A recent report from the National Council for Voluntary Organisations reported a huge drop in confidence amongst charities due to the impact of the recession. In response, charities are having to cut costs and in some cases merge with similar organisations. But for the small voluntary groups that try to provide a national service the downturn is causing particular concern says Liz Willetts.
‘Charities hit by economic downturn’ isn`t news and is hardly a surprise. How could it be otherwise, when the first things to go are corporate giving and training? Foundations who are generous with the proceeds from their investments, have less to be generous with, and the same applies to individuals whose generous impulses are tempered by the competing demands of rising costs and, in real terms, shrinking incomes.
Everyone is feeling the pinch, but some charities are being hit particularly hard. The organisation I work for, the Jennifer Trust for Spinal Muscular Atrophy, is a case in point. It is a national charity, providing very specialist support to individuals and families who need it throughout the UK, but does this make it `big`? Not in relation to the organisations that support people with heart disease or cancer. Although charities like ours are small in comparison, we are not `small and local`. Most communities hold their local hospice in high esteem and affection – a worthy cause to support – probably because most people these days have been touched in some way by the need for palliative care services.
Most people will not have heard of spinal muscular atrophy (SMA), although it affects approximately 1 in 6,500 babies born. This means about 100 new cases are diagnosed each year with the inherited condition. For babies with SMA Type 1, the most severe form, the outlook is bleak. Most die before they reach their first birthday, some even within weeks of diagnosis.
For families whose children have SMA Type II, after the shock of the initial diagnosis, adjustments might be made a little more slowly. These children often survive into teens and young adulthood, but again often have to face frequent crises with sudden respiratory problems, or the long drawn out problems for example of scoliosis and difficult decisions to be made about spinal surgery.
No local organisation could get to grips fully with the complexities of this condition because too few cases arise in any one area for experience to be accumulated. Of course many generic services around disability or palliative care have an important part to play, but having the specialist knowledge to recognise how best they can be shaped to fit the specific needs of SMA takes something extra.
The Jennifer Trust (and other specialist charities for rare conditions) need to be big enough to see as many of the total number of cases and different circumstances as possible. They also need to be small enough to give a personal tailor-made service in the unique combination of problems families with rare conditions experience.
But in funding terms, charities like ours are neither big enough nor small enough to fit neatly into criteria. Primary care trusts or social services probably haven’t heard of SMA or The Jennifer Trust unless one of the two new cases a week falls into their patch. When this happens, we are seen as a national charity and therefore big enough to provide expertise and resources to help out the local professionals.

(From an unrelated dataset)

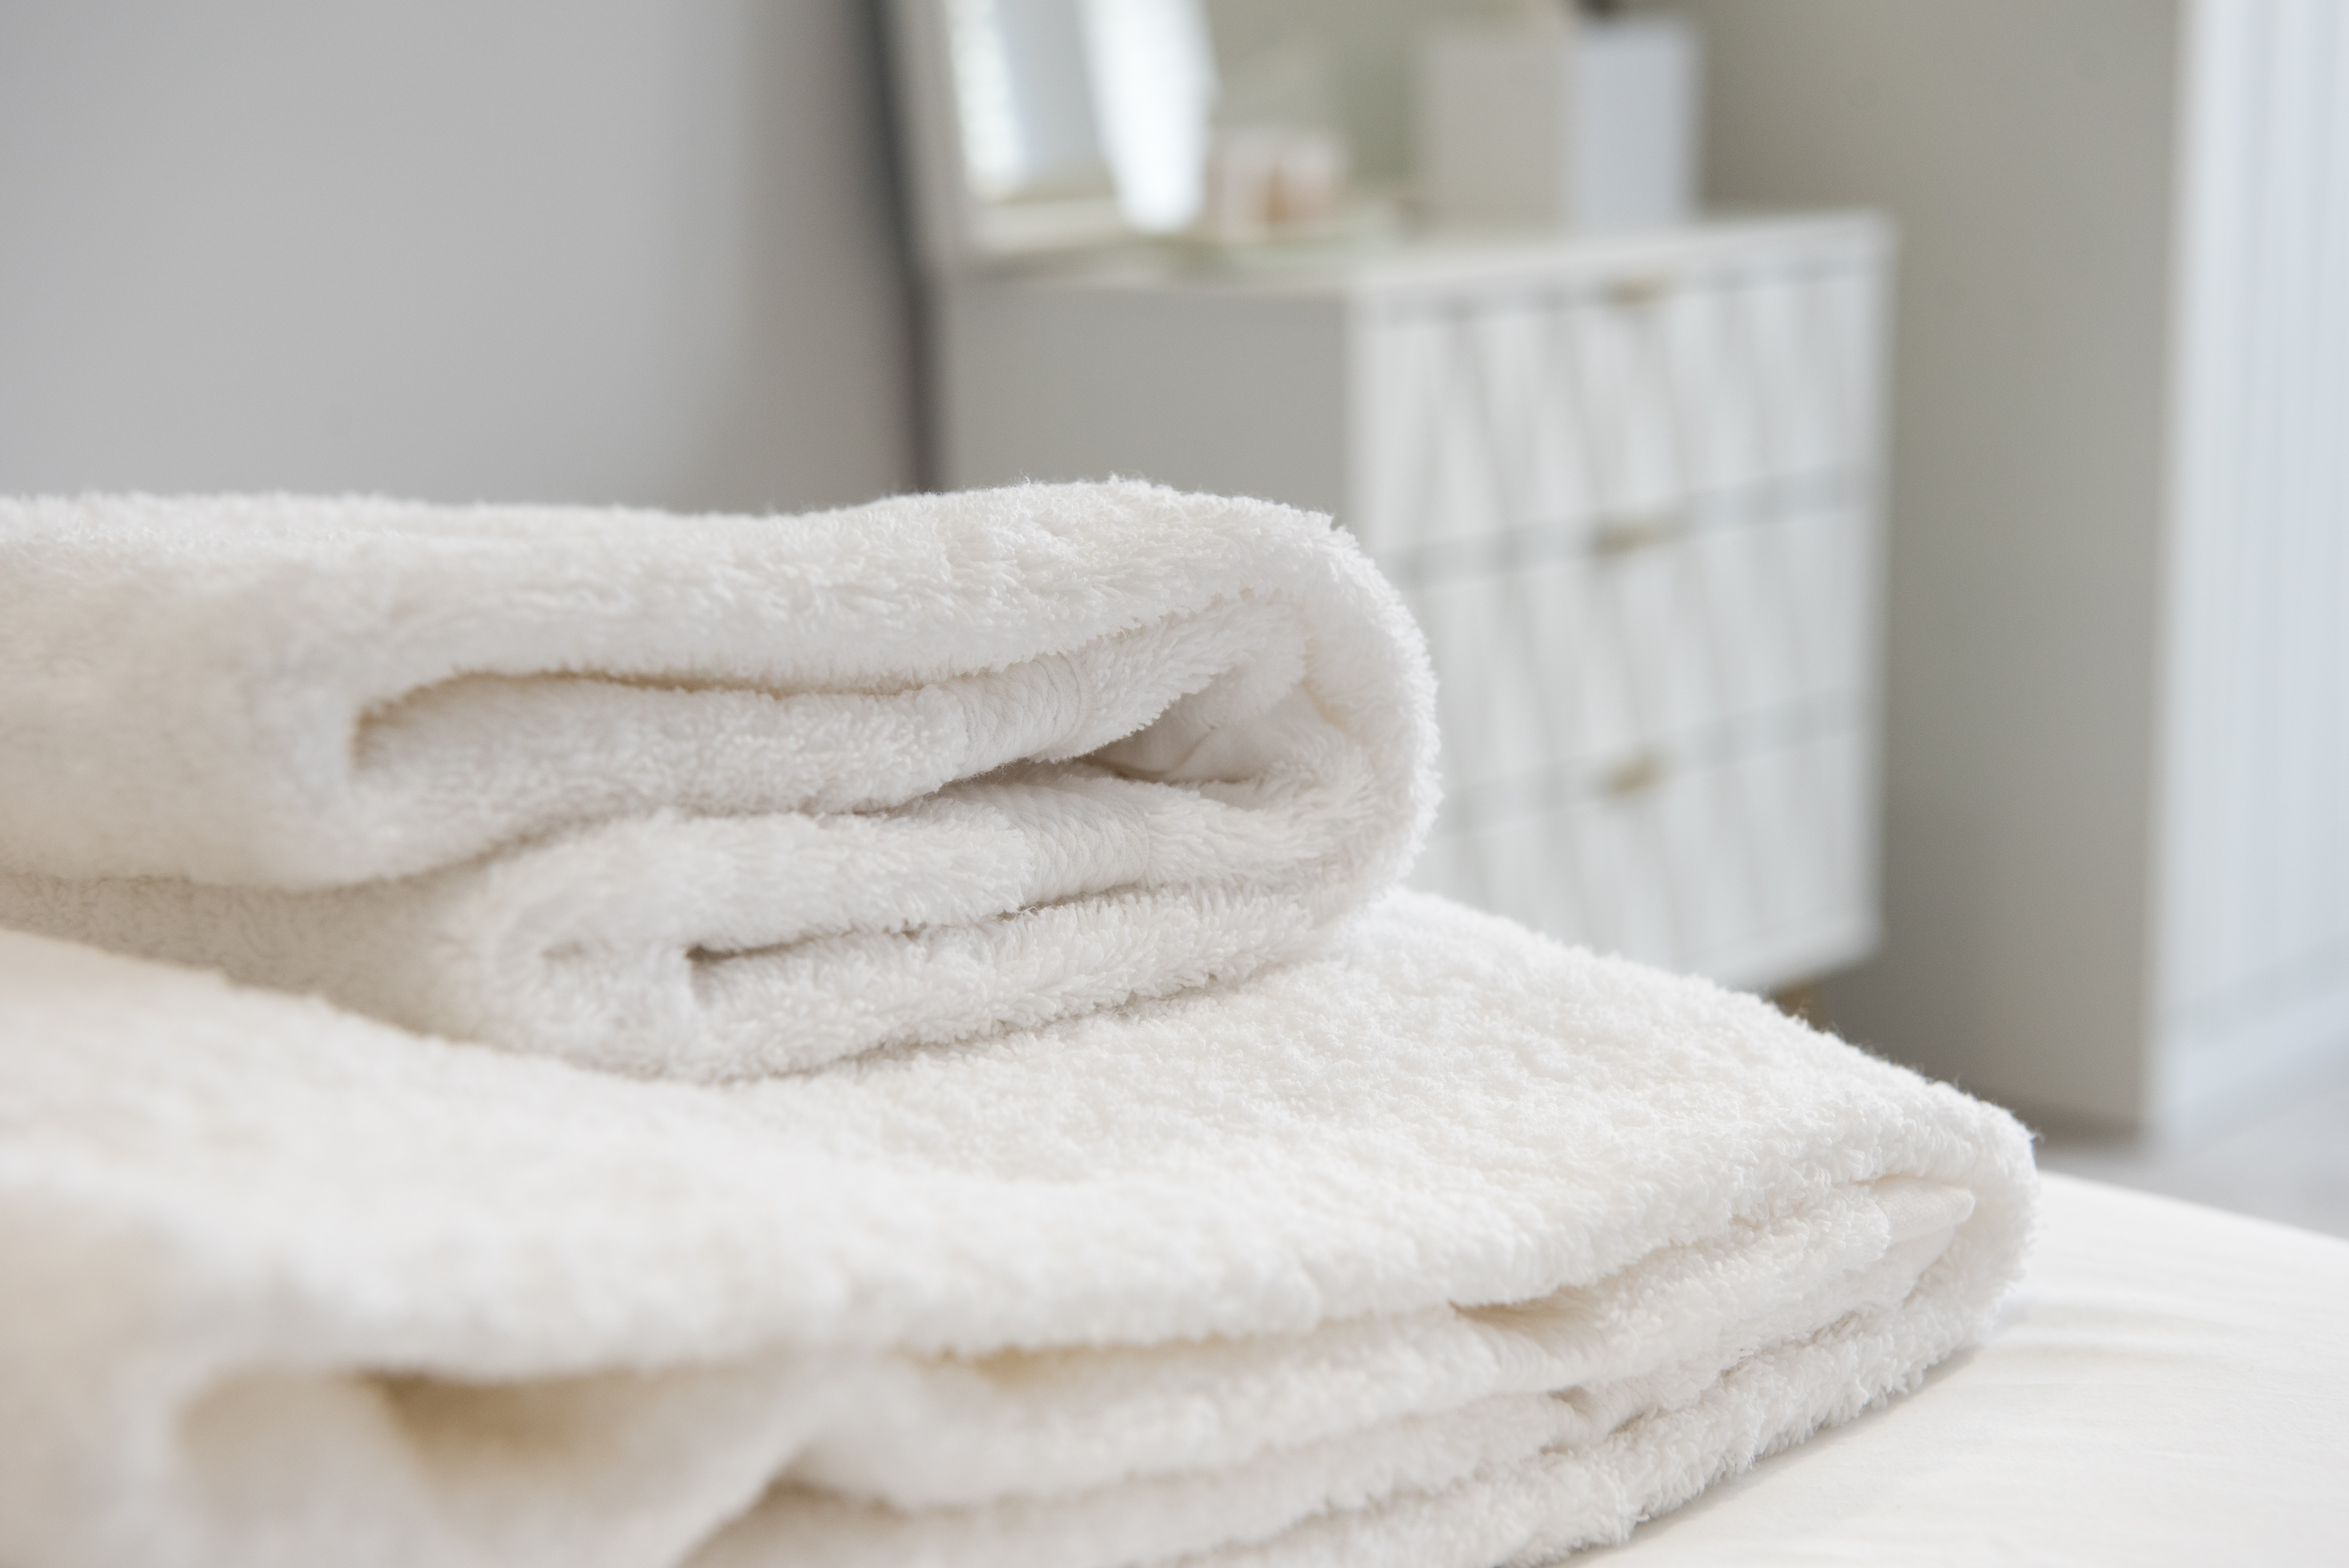 How to Display Towels Decoratively, Hunker

In the eyes of central government, we are probably seen as too small to make a significant difference, and too small for them to have any real responsibility to support what we do.
Our donations are not just noticeably less, but have dwindled to almost nothing. In the past two years we have had an income, and expenditure, of around £800,000 per annum. That’s the equivalent of just over £2,000 per day and it enabled us to provide an excellent tailormade support service to affected individuals and families, provide training and information to professionals as well as affected families, a helpline, and a youth service. It also ensured that we continue to have a high level of user participation because we also run a Volunteer Network made up of people who have themselves been affected by SMA, who offer to share their experience with people or families more recently diagnosed. We also invest in research and help to support three major research projects.
Lottery funding and funding from other trusts arrives in instalments throughout the year, but is not enough without extra donations. These are often from families who have used Jennifer Trust services (and their friends, workmates, and fundraising events they hold for us). We have been trying to broaden the range of corporations and individuals we approach, as well as combing through details of hundreds of trusts and foundations to see if we meet their criteria, but competition is greater than ever and the pot is getting smaller.
The big gap is in government funding. The Department of Health and Department for Children, Schools and Families recently announced its investment of £30 million to meet palliative care needs of children and young people, (Child Health Strategy, Feb 2009, pp 76-77) but it is allocated to primary care trusts to commission services locally and regionally. This will not work for us. No-one can predict where the next cases of SMA will arise. A Type 1 baby could be diagnosed in May and die in September, and would make no impact on the commissioning cycle, but we would have provided several thousands of pounds worth of services and support. The only logical way to support small specialist providers is with a service level agreement commissioned by central government, for services to be provided anywhere in the UK according to need not geography.
I cannot bear to speculate about what the recession will mean for services and staff. The services are the staff and the staff are the services. We have nothing spare, and absolutely anything that goes will hurt service users. Our highly motivated, hard working team, between them probably hold more specialist information about the day-to-day care and support of people with SMA than anyone else in the UK. They will eventually have to look to their own survival too and will leave, or hang on until the ship sinks. Either way, a service that provides gold standard care, economically, and with the optimum number of staff and is not wasteful of resources, may be lost.